No lesson seems to be so deeply inculcated by the experience of life as that you should never trust experts. If you believe doctors, nothing is wholesome: if you believe the theologians, nothing is innocent: if you believe the soldiers, nothing is safe. They all require their strong wine diluted by a very large admixture of insipid common sense.
Lord Salisbury, “Letter to Lord Lytton”


Conservatism's Holy Grail

What distinguishes true Conservatism from the rest, and from the Blair project, is the belief in more personal freedom and more market freedom, along with less state intervention... The true Third Way is the Holy Grail of Tory politics today - compassion and community without compulsion.
Minette Marrin, The Daily Telegraph


Class War

In England there were always two sharply opposed middle classes, the academic middle class and the commercial middle class.

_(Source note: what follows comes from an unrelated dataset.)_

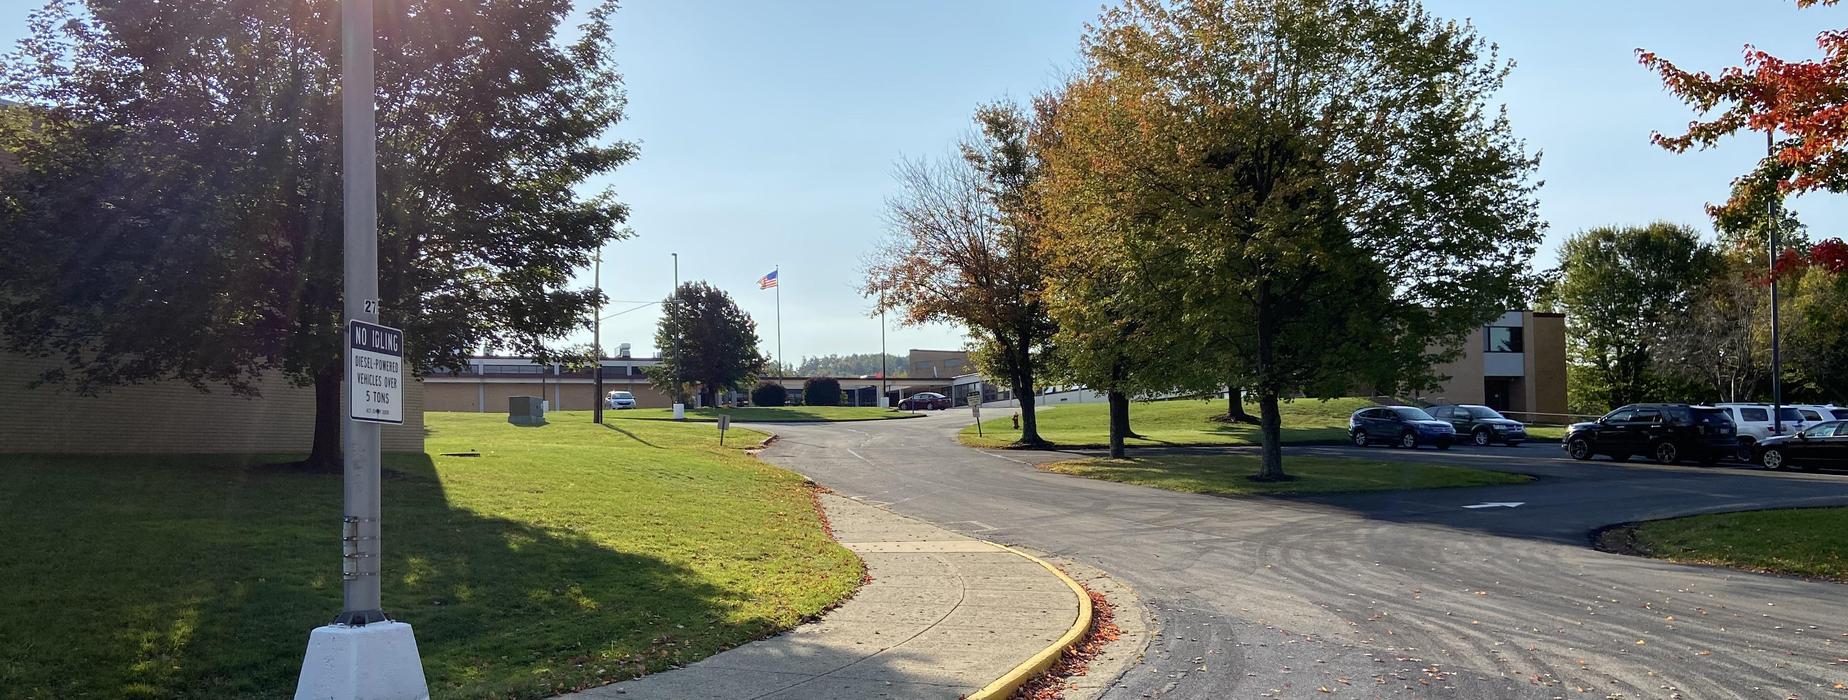 HC Campus

In the nineteenth century, the academic middle class won the battle for power and status... Then came the triumph of Margaret Thatcher... The academics lost their power and prestige and... have been gloomy ever since.
Freeman Dyson, “The Scientist as Rebel”


Government Expenditure

The Union publishes an exact return of the amount of its taxes; I can get copies of the budgets of the four and twenty component states; but who can tell me what the citizens spend in the administration of county and township?
Alexis de Tocqueville, Democracy in America


Conservatism

Conservatism is the philosophy of society. Its ethic is fraternity and its characteristic is authority — the non-coercive social persuasion which operates in a family or a community. It says ‘we should...’.
Danny Kruger, On Fraternity


Postmodernism

A writer who says that there are no truths, or that all truth is ’merely relative’, is asking you not to believe him. So don’t.